Conakry (AFP) — mercredi 13 janvier 2010
Risques de guerre civile et de divisions de l'armée, menaces sur les prochaines élections: un éventuel retour en Guinée du chef de la junte, le capitaine , “en convalescence” au Burkina Faso, suscitait mercredi de nombreuses inquiétudes à Conakry.
“Le retour de Dadis Camara dans les conditions actuelles risque de provoquer une guerre civile en Guinée”, indique à l'AFP le responsable de la branche guinéenne de la Rencontre africaine pour la défense des droits de l'Homme (Raddho) Mamadi Kaba.
“Ses partisans vont tenter de prendre le pays en otage et faire ce que le président feu général Lansana Conté (1984-2008) avait fait durant les dernières années de sa vie”, avec un entourage tout-puissant profitant de la maladie du chef de l'Etat, ajoute-t-il.
“Il faut que les communautés africaine et internationale se mobilisent et prennent leur responsabilité pour empêcher Dadis de retourner en Guinée”, selon lui.
Le président intérimaire, le général Sékouba Konaté, avait soulevé beaucoup d'espoir dans un discours le 6 janvier en annonçant que le Premier ministre de la transition serait “issu de l'opposition” et “désigné par elle-même”.

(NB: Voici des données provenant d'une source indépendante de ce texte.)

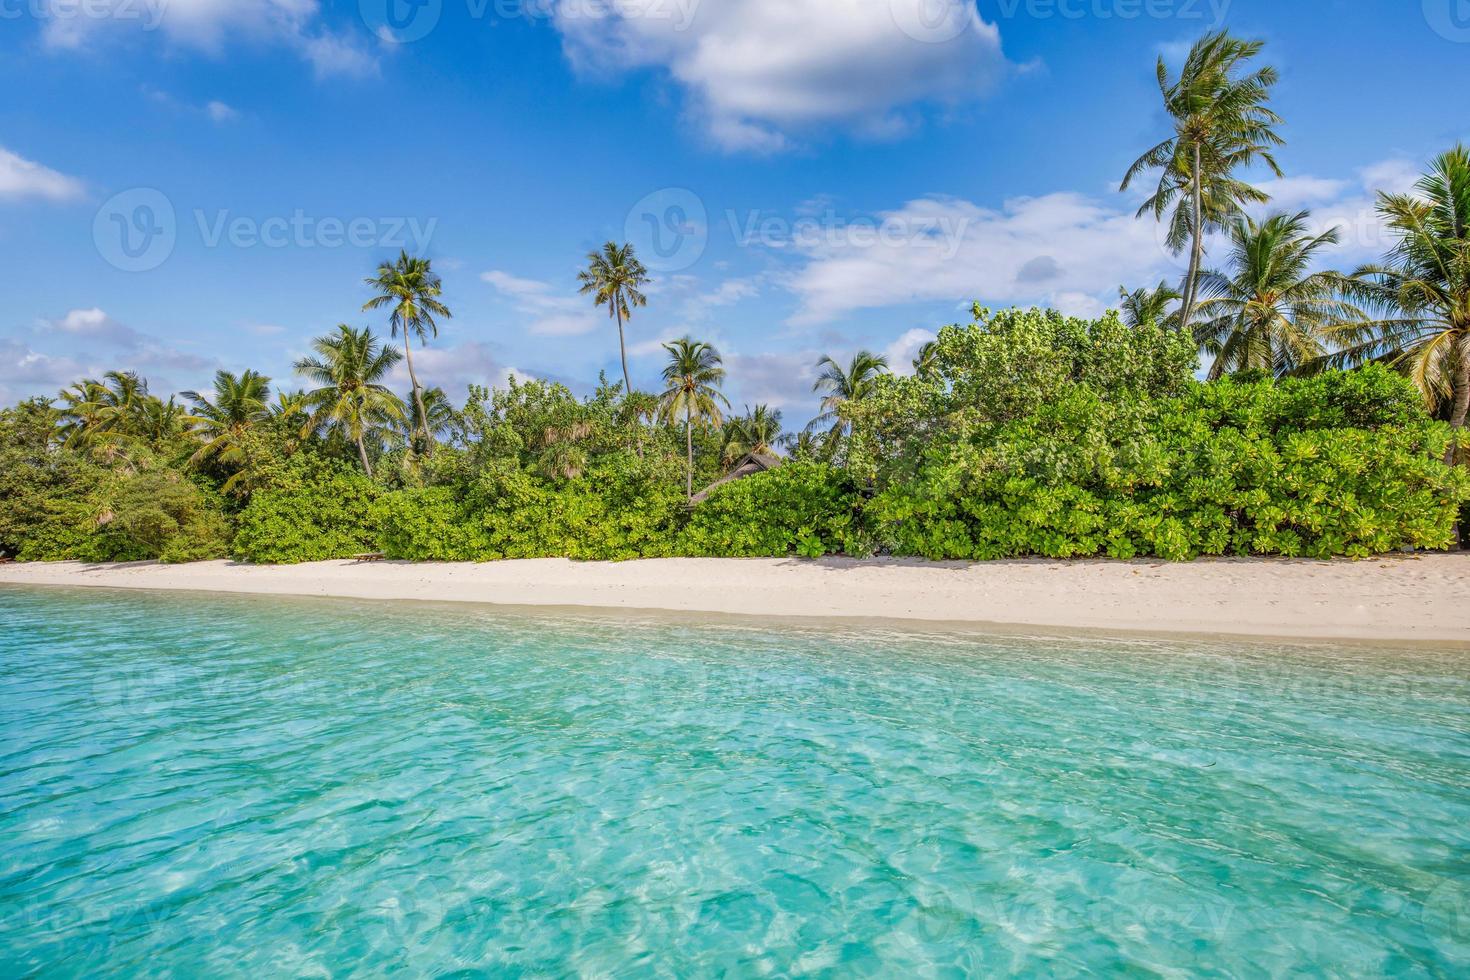 Maldives islands ocean tropical beach. Exotic sea lagoon, palm trees over white sand. Idyllic nature landscape. Amazing beach scenic shore, bright tropical summer sun and blue sky with light clouds photo

Le retour du chef de la junte, gravement blessé à la tête le 3 décembre lors d'une tentative d'assassinat par son propre aide de camp, “risque de provoquer une +fissure+ dans l'armée”, estime Souleymane Diallo, journaliste et administrateur du groupe de presse privé Le Lynx - La Lance.

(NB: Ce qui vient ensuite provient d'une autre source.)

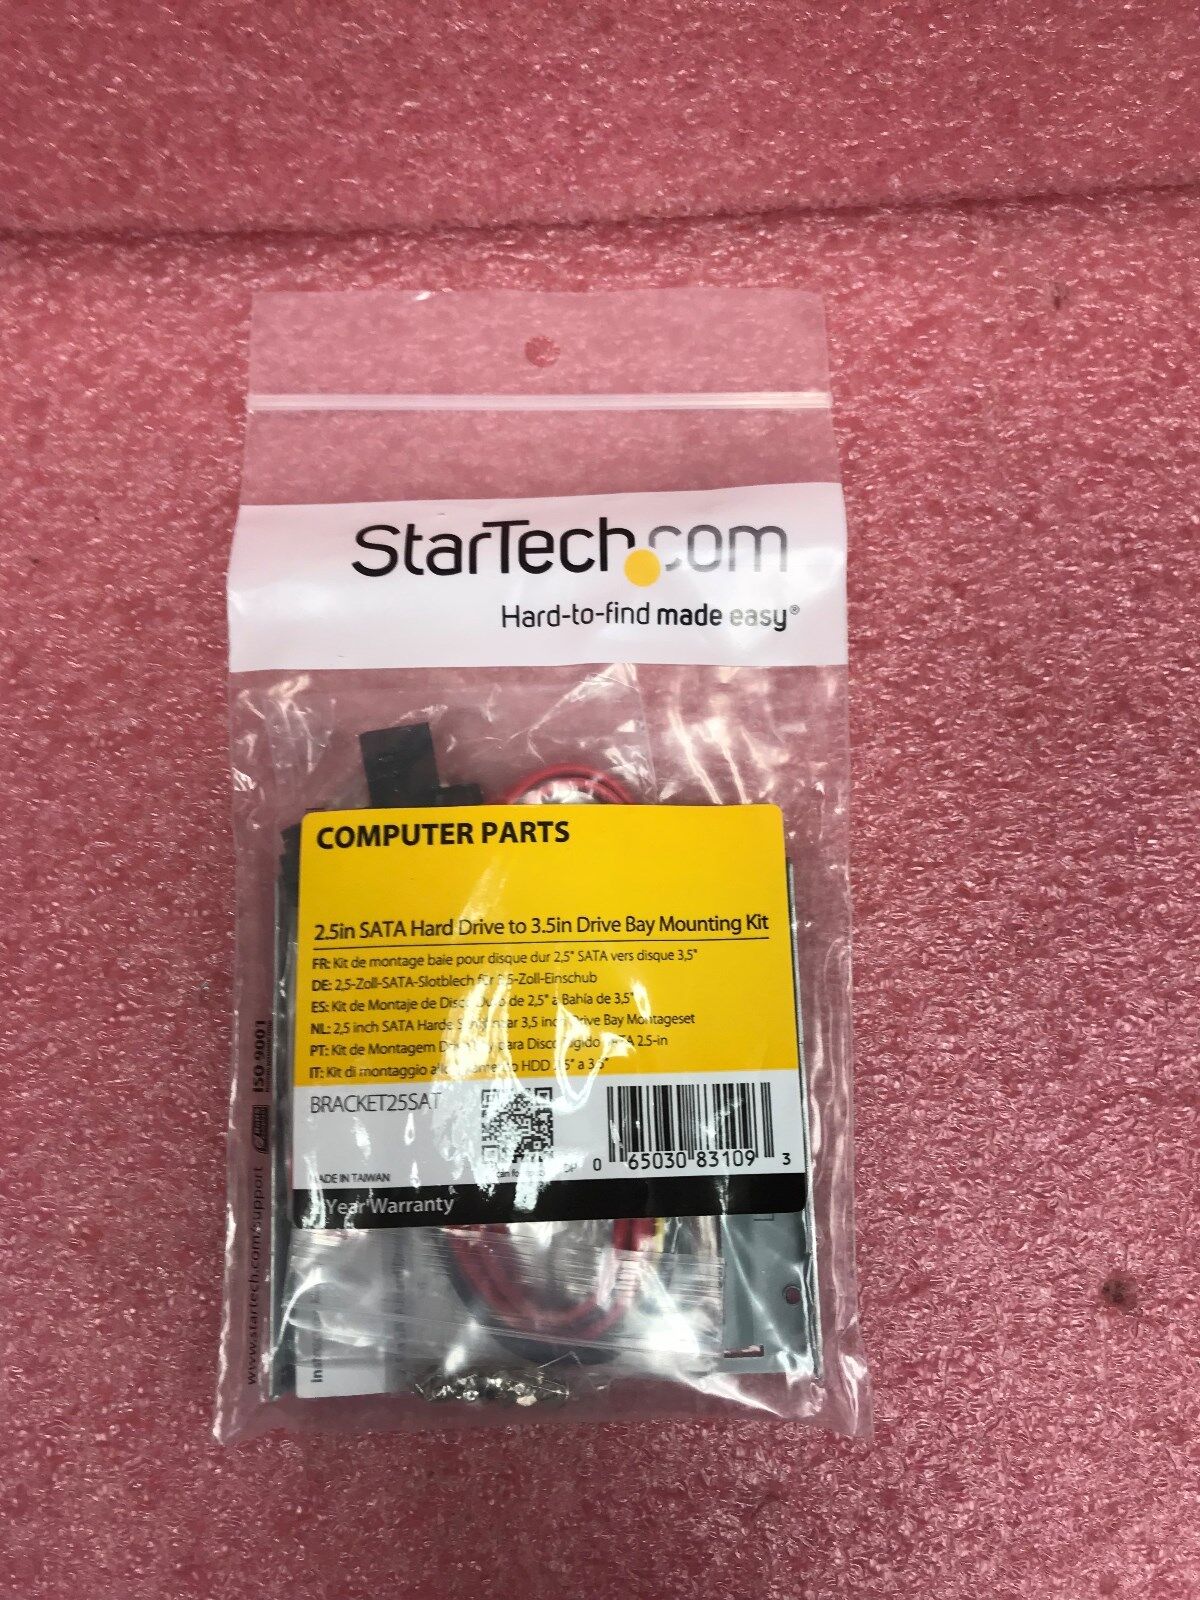 *FAC SEALED* StarTech BRACKET25SAT 2.5in Hard Drive to 3.5in Drive Bay Mounting

“Ca va compliquer la transition parce qu'on a tellement tiré sur la fibre ethnique que les divisions régionales se sont exacerbées et la Guinée forestière (région d'origine du chef de la junte) va exiger le maintien de Dadis Camara au pouvoir”, poursuit-il.
Pour le président de l'Organisation guinéenne de défense des droits de l'Homme (OGDH) Thierno Mâadjou Sow, il doit “rester à l'extérieur” pour qu'il puisse un jour être jugé par la justice internationale.
“Nous voulons qu'il reste à l'extérieur parce que c'est la meilleur chance pour qu'il puisse répondre de ce qu'on lui reproche”, insiste-t-il, en faisant référence au massacre de plus de 150 opposants, selon l'ONU, le 28 septembre dans un stade de Conakry.
“Aucune juridiction ici ne peut le juger et le pouvoir politique ne va pas le livrer à une juridiction internationale. Nous souhaitons qu'il ne rentre pas en Guinée et qu'il reste surtout dans un pays qui sera disposé à le juger ou à le livrer à la justice internationale”, conclut-il.
“Dadis Camara encore à nos portes, c'est impensable, s'emporte un administrateur de société, ça va nous rappeler le 28 septembre. Rien qu'en prononçant son nom, les Guinéens ont le dégoût”.
“Si la communauté internationale veut un nouveau bain de sang en Guinée, qu'elle autorise le chef de la junte à retourner en Guinée”, avertit un cadre de banque, sous couvert de l'anonymat.
Les partisans du capitaine-putschiste souhaitent officiellement son retour en Guinée, sans toutefois avancer de date.
“Je ne sais pas encore (quand il va rentrer en Guinée) parce qu'on n'a pas échangé après son arrivée à Ouagadougou mais le président Dadis rentrera quand il l'aura décidé”, affirme Moussa Keïta, ministre secrétaire permanent du Conseil national pour la démocratie et le développement (CNDD, junte).
Fodé Cissé, président du Congrès panafricain des jeunes patriotes de Guinée (Cojep), une association pro-junte, va dans le même sens: “nous sommes ravis que notre président ait retrouvé la santé, nous voulons qu'il revienne incessamment dans son pays pour continuer à assumer ses hautes fonctions”.
“Nous allons lui réserver un accueil des plus chaleureux pour montrer à ses détracteurs qu'il est l'homme de la situation”, a-t-il conclu.